All three criticisms are wholly appropriate. But what in hell were they expecting? For audiences willing to switch their brain into disbelief-suspension mode, ‘The A-Team’ is just as dumb, loud and superficial as it needs to be.
It’s basically an origin story, as our four outlaw heroes meet in a hail of bullets on an undercover mission in the Mexican desert before being posted to Iraq and framed for treason. Eyebrows were raised when Liam Neeson agreed to pick up George Peppard’s stogie-chewing mantle as Captain Hannibal Smith, but he just about maintains his dignity, forming a solid core of thespian gravitas for his wisecracking sidemen Face (Bradley Cooper) and Murdock (Sharlto Copley) to run circles around.
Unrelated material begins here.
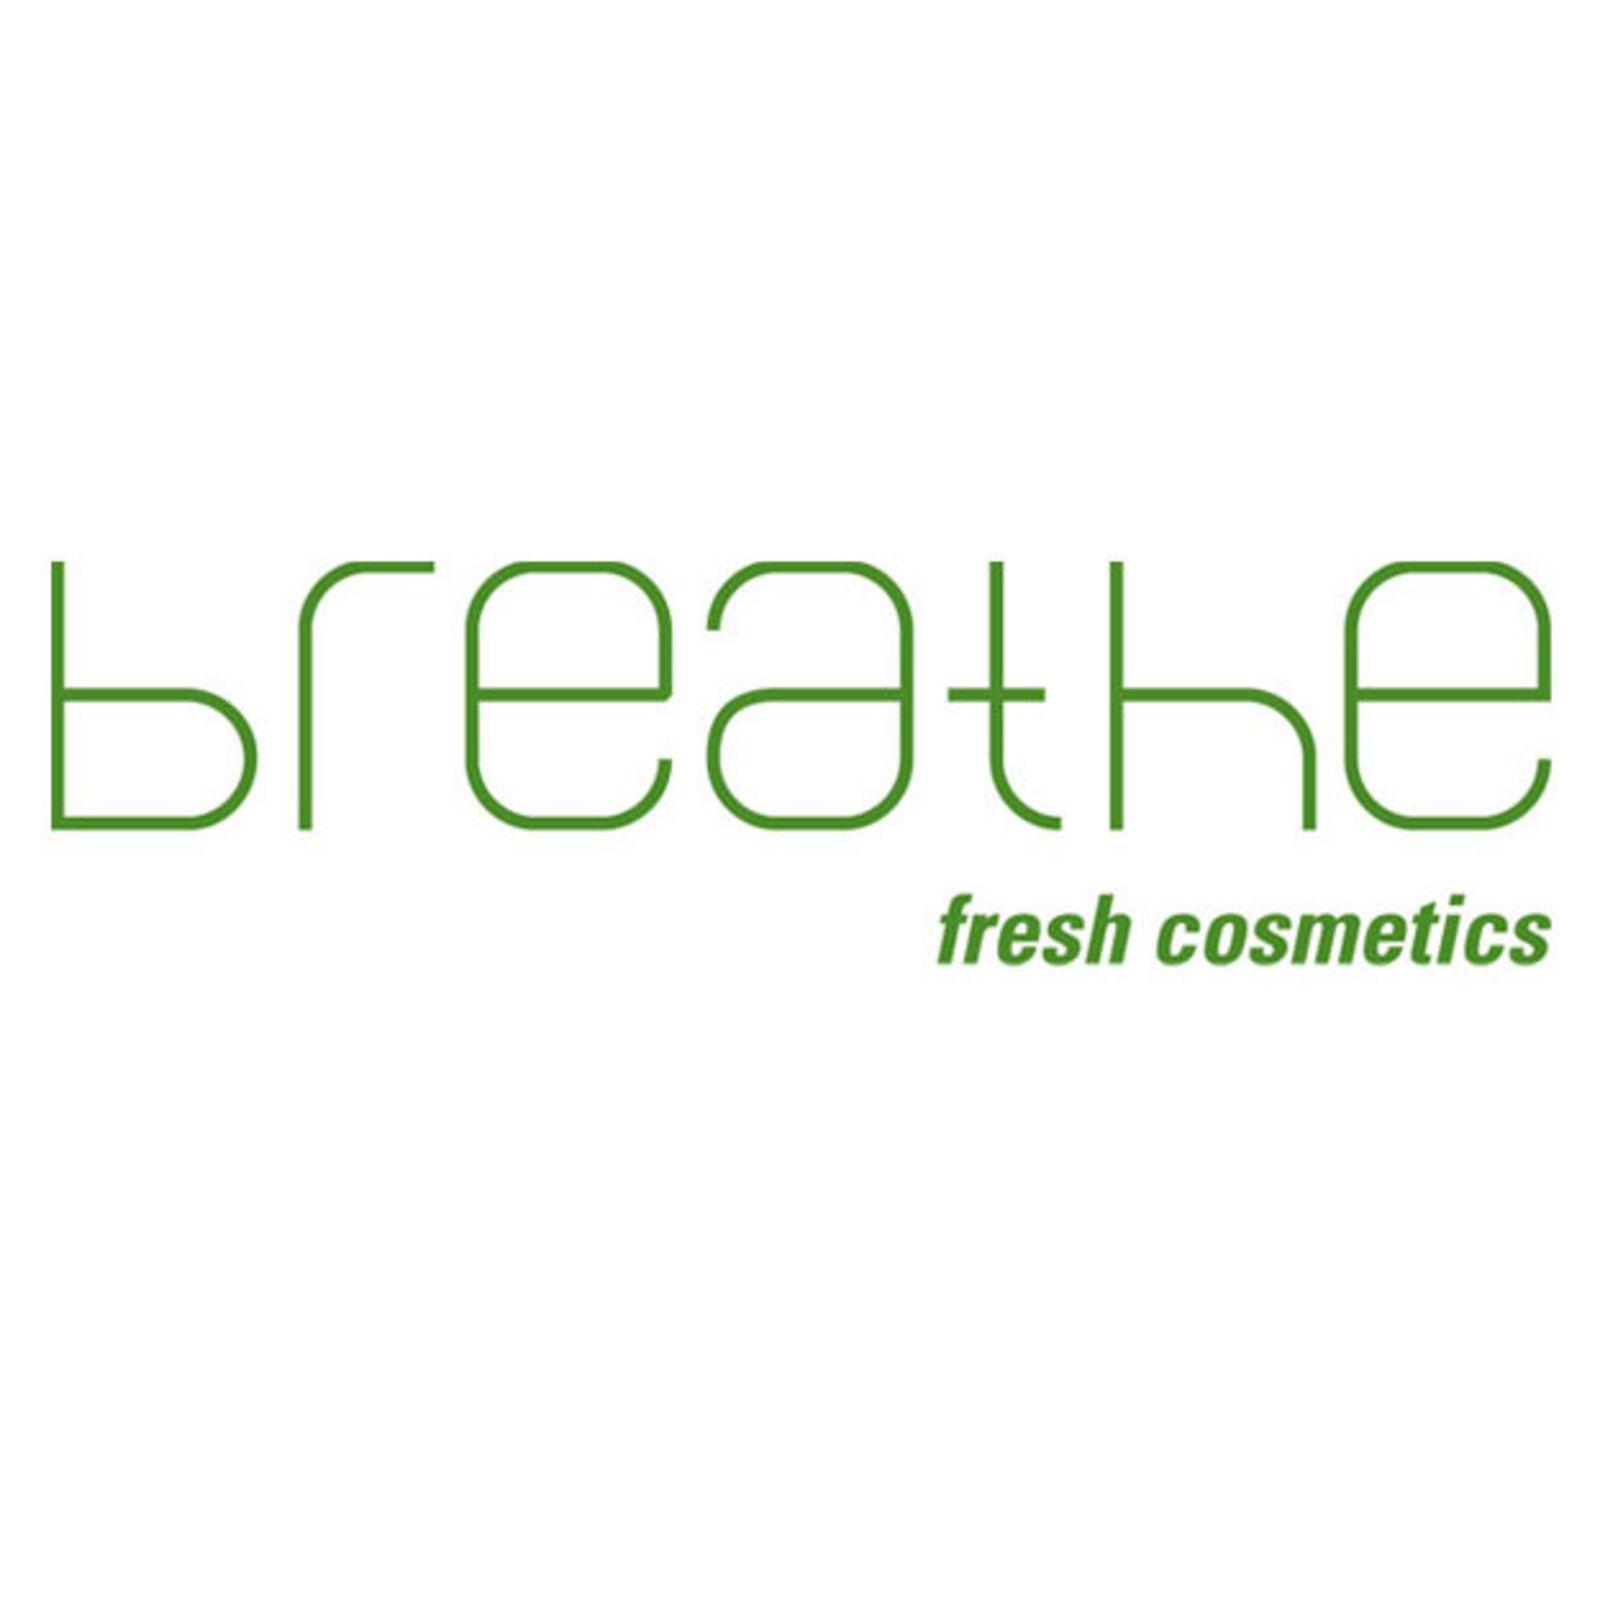 BREATHE fresh cosmetics in Berlin (Bild 1)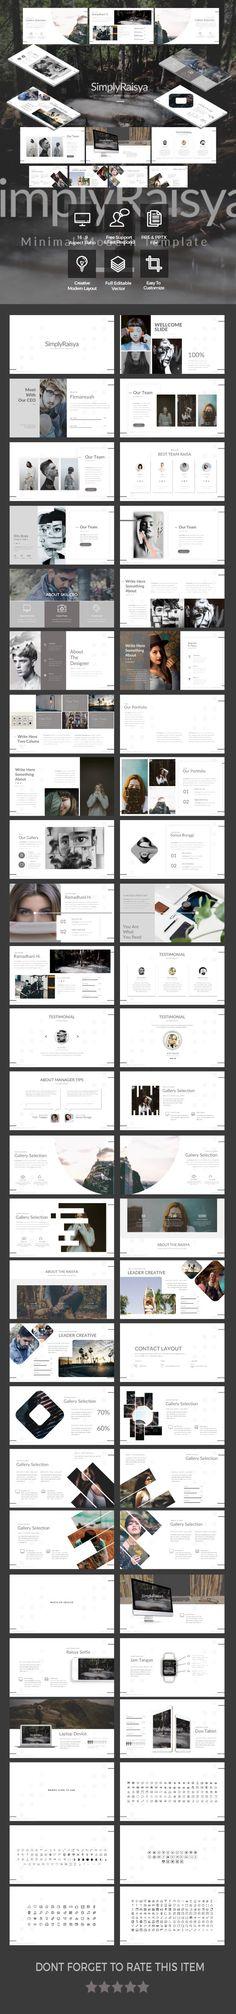 SimplyRaisya - Simple Google Slide Template - Google Slides Presentation Templates

Director Joe Carnahan (‘Narc’, ‘Smokin’ Aces’) marshals proceedings with a thunderous and gleeful absence of subtlety: zip-pans, smash edits and MTV-style freeze-frames abound, and many of the action scenes are so jerky and cluttered that it’s hard to know what’s going on. But when those same sequences involve looping-the-loop helicopters, avalanches of shipping crates and tanks plummeting from burning aeroplanes, perhaps it’s for the best.
So, of course, the plot could be tighter, the script less cliché ridden, the action clearer and the performances not so broad. But as an unfussy, streamlined example of old-school Hollywood summer cinema at its purest and most unpretentious, ‘The A-Team’ scores at least a B.